The tool returns a structured dict:

{
  "query": "FastMCP tool decorator",
  "search_url": "https://search.brave.com/search?q=FastMCP+tool+decorator&source=web",
  "result_count": 5,
  "hint": "FastMCP Docs (https://docs.fastmcp.dev): The @mcp.tool() decorator registers a function as... | PyPI FastMCP (https://pypi.org/project/fastmcp/): FastMCP 2.x — modern MCP server framework... | ...",
  "results": [
    {
      "title": "FastMCP Docs",
      "url": "https://docs.fastmcp.dev",
      "snippet": "The @mcp.tool() decorator registers a function as an MCP tool..."
    },
    ...
  ]
}

The hint field is a pipe-separated string of "Title (url): snippet[:120]" entries — immediately actionable for deciding which URL to fetch next.

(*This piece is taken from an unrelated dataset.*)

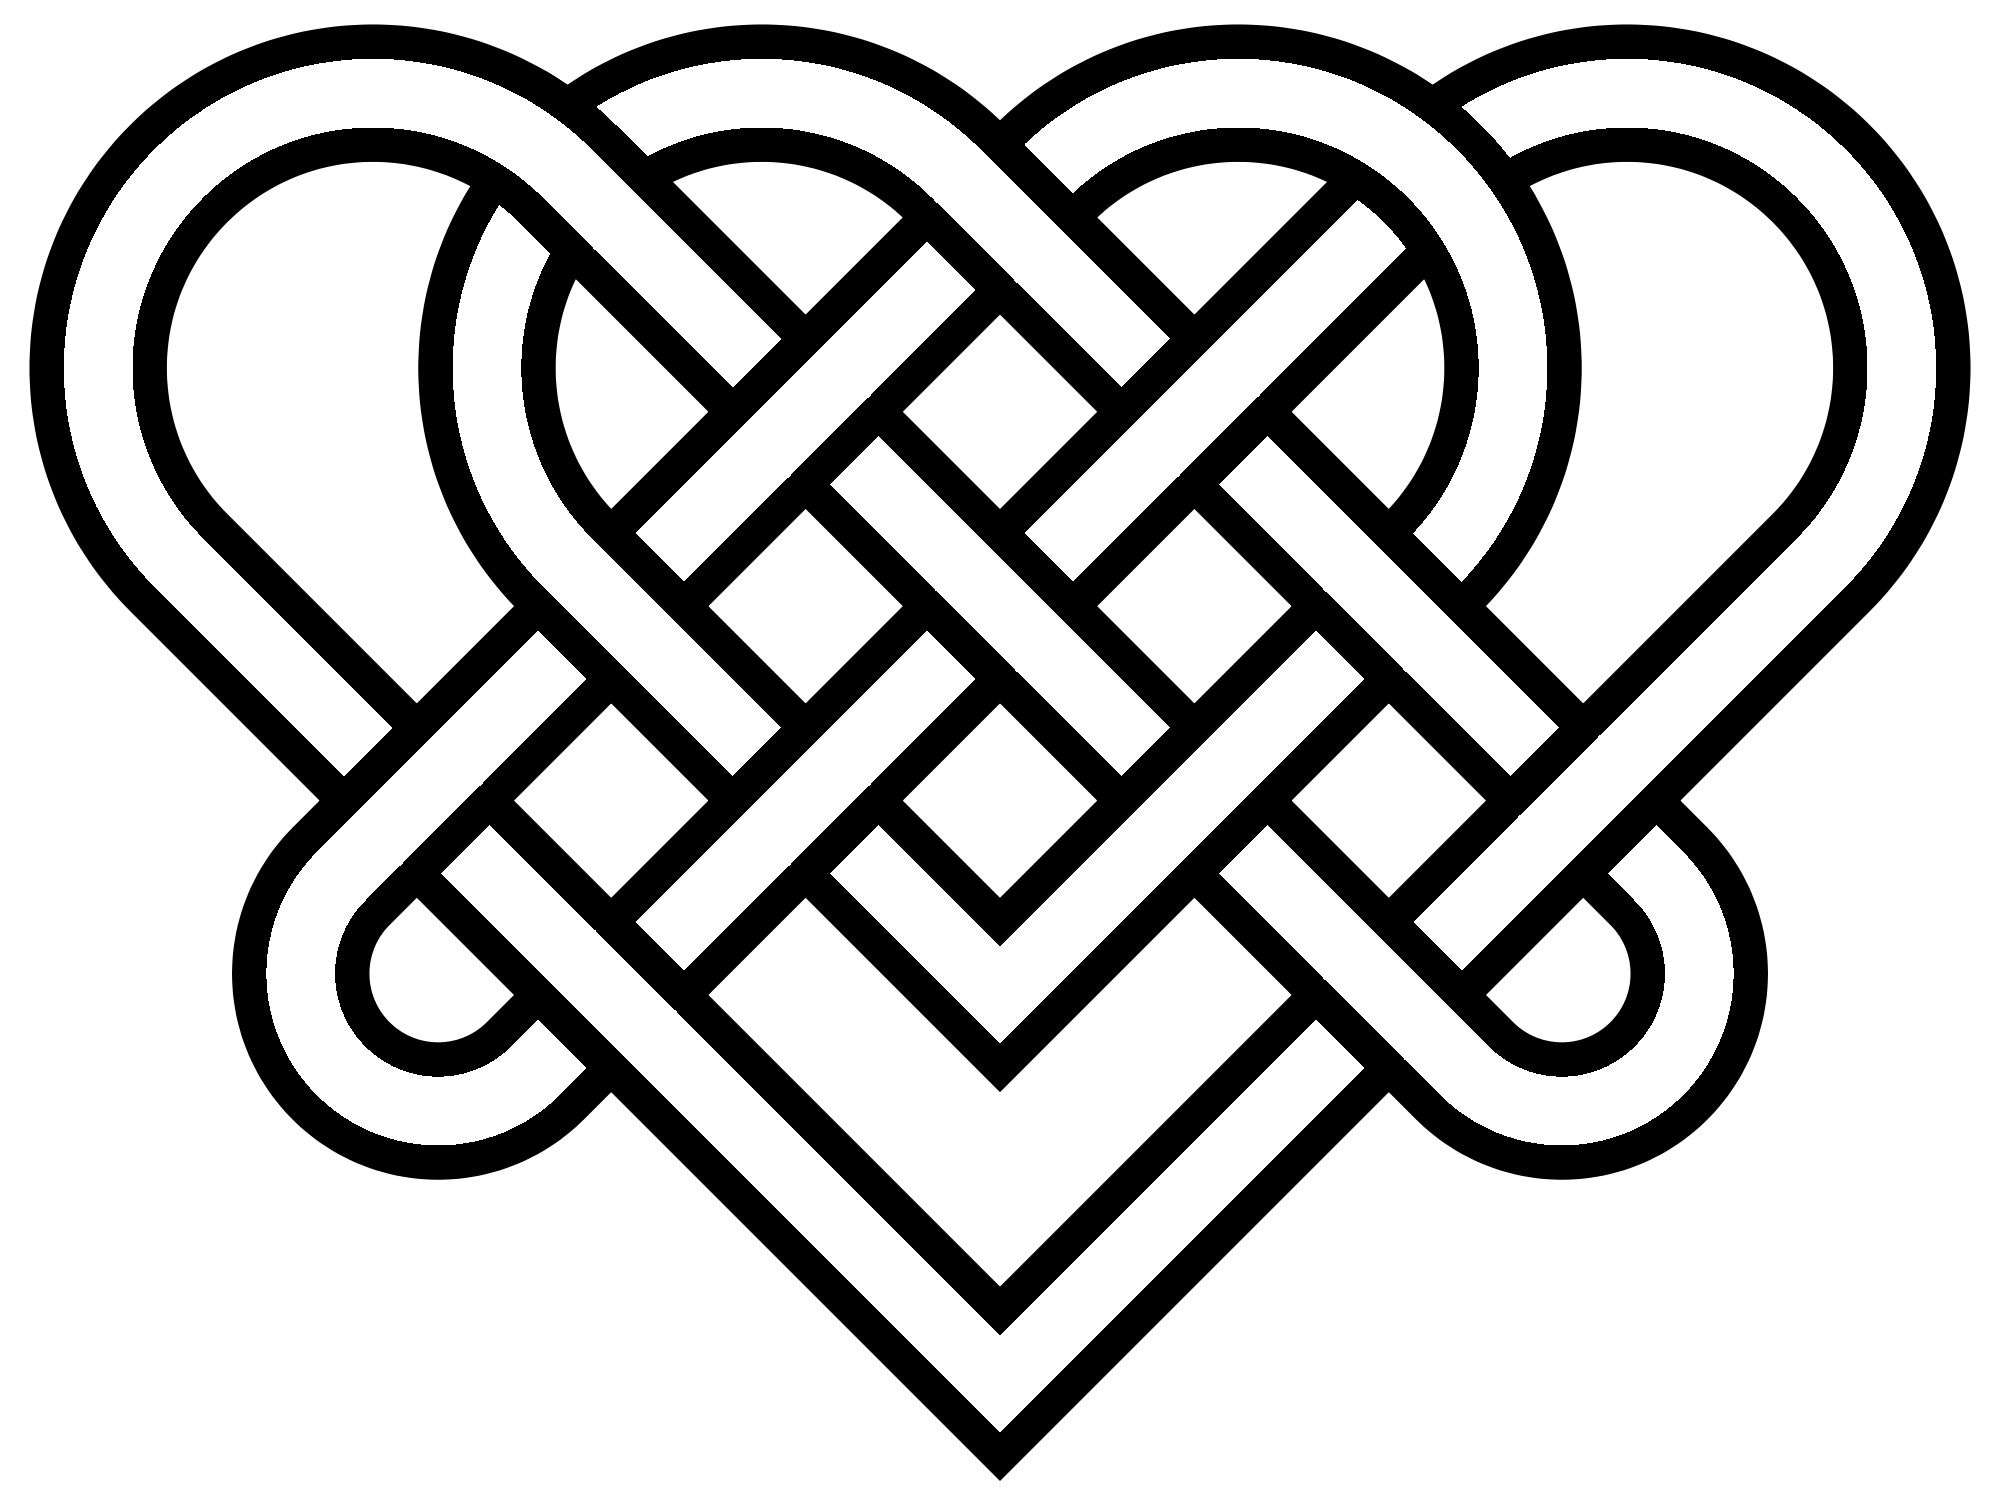 Download celtic knot heart clipart 20 free Cliparts | Download ...

Example: Two-Step Research Flow

# Step 1: Orient — what pages exist about this topic?
result = webscraper_search_hint("httpx async client timeout settings", max_results=5)
# hint: "HTTPX Docs (https://www.python-httpx.org/...): Configure timeout... | ..."

# Step 2: Deep-dive the most relevant result
content = webscraper_fetch("https://www.python-httpx.org/advanced/timeouts/", max_chars=8000)

Known Limitations

Reddit / Stack Overflow snippets may be empty — these platforms block snippet extraction
Brave CSS selectors use Svelte-generated class names that may change. If you get 0 results, the scraper's selectors may need updating (last verified: 2026-04-05)
Use sparingly — once per research task to get oriented, not for every query

SSL Note — Fedora 43 Comodo Root CA

Fedora 43 is missing the Comodo AAA Services Root CA needed for Cloudflare-protected sites. The fix is bundled at mcp/webscraper/certs/comodo-aaa-services-root.pem.

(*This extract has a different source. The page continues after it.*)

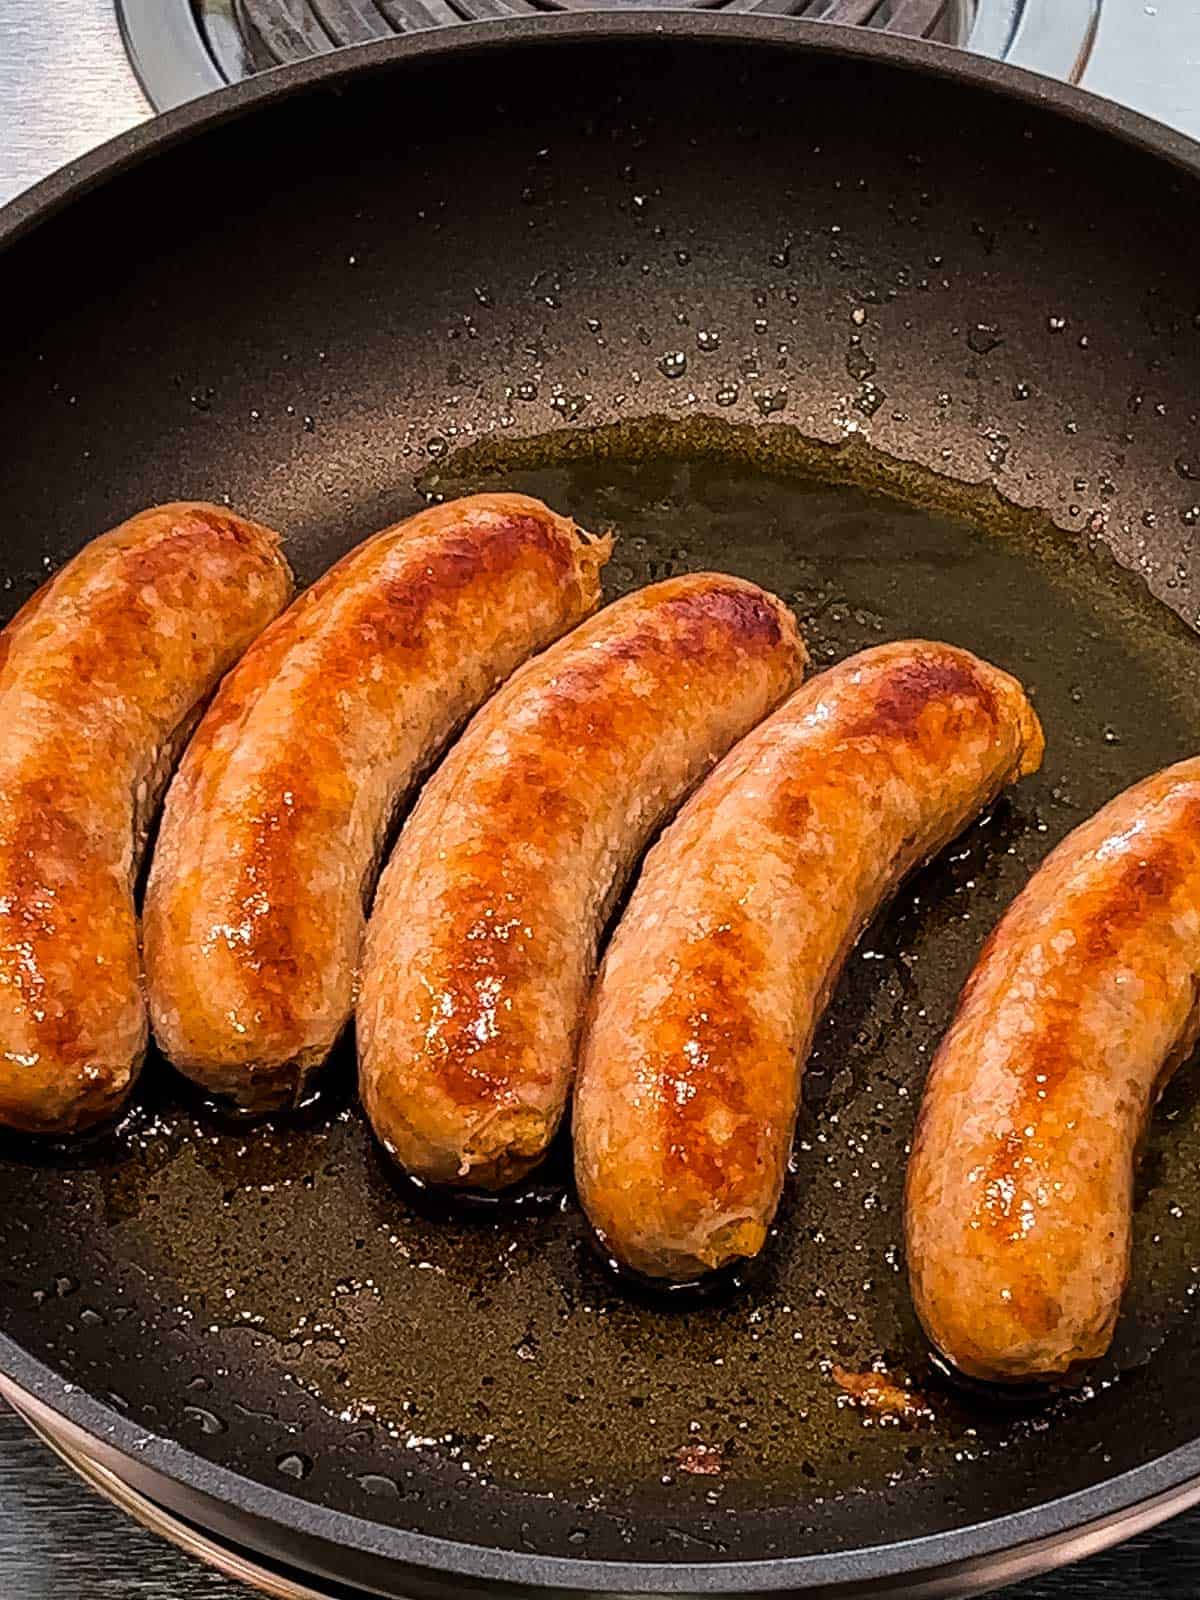 Browning the Italian sausage in a skillet.

The server automatically uses this cert bundle — no manual configuration needed.

Quick Start

cd mcp/webscraper
uv sync
uv run python src/server.py

Run Tests

cd mcp/webscraper
uv run pytest tests/ -v
# 28/28 tests passing

Usage Examples

# Step 1: Search — get candidate URLs for a topic
webscraper_search_hint("FastMCP tool decorator syntax", max_results=5)

# Step 2: Deep-dive the most relevant URL
webscraper_fetch("https://docs.fastmcp.dev", max_chars=10000)

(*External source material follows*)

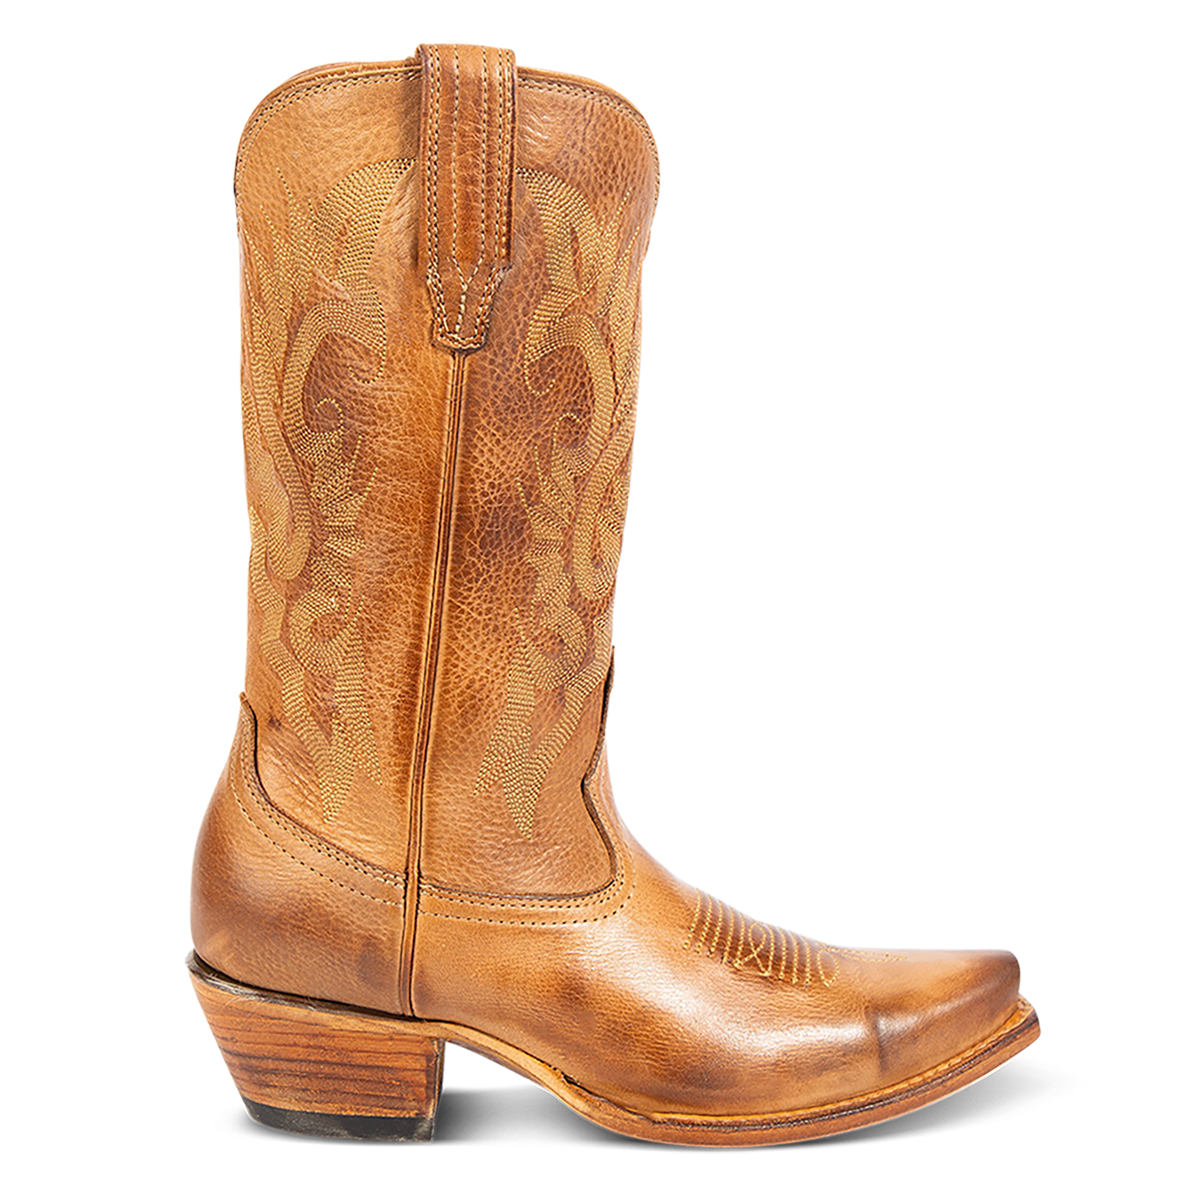 FREEBIRD women's Woody wheat leather boot with stitch detailing and snip toe construction

# Extract all links from Gitea repo
webscraper_fetch_links("http://192.168.188.119:30008/pplate/pi_mcps")

# Get all tables from a documentation page
webscraper_fetch_tables("https://pypi.org/project/fastmcp/")

# Get Open Graph metadata
webscraper_fetch_meta("https://github.com/comfyanonymous/ComfyUI")

# Fetch specific section by CSS selector
webscraper_fetch_section("https://docs.python.org", "#content")

# Search with special characters (C++, &, % all work)
webscraper_search_hint("C++ std::optional usage", max_results=3)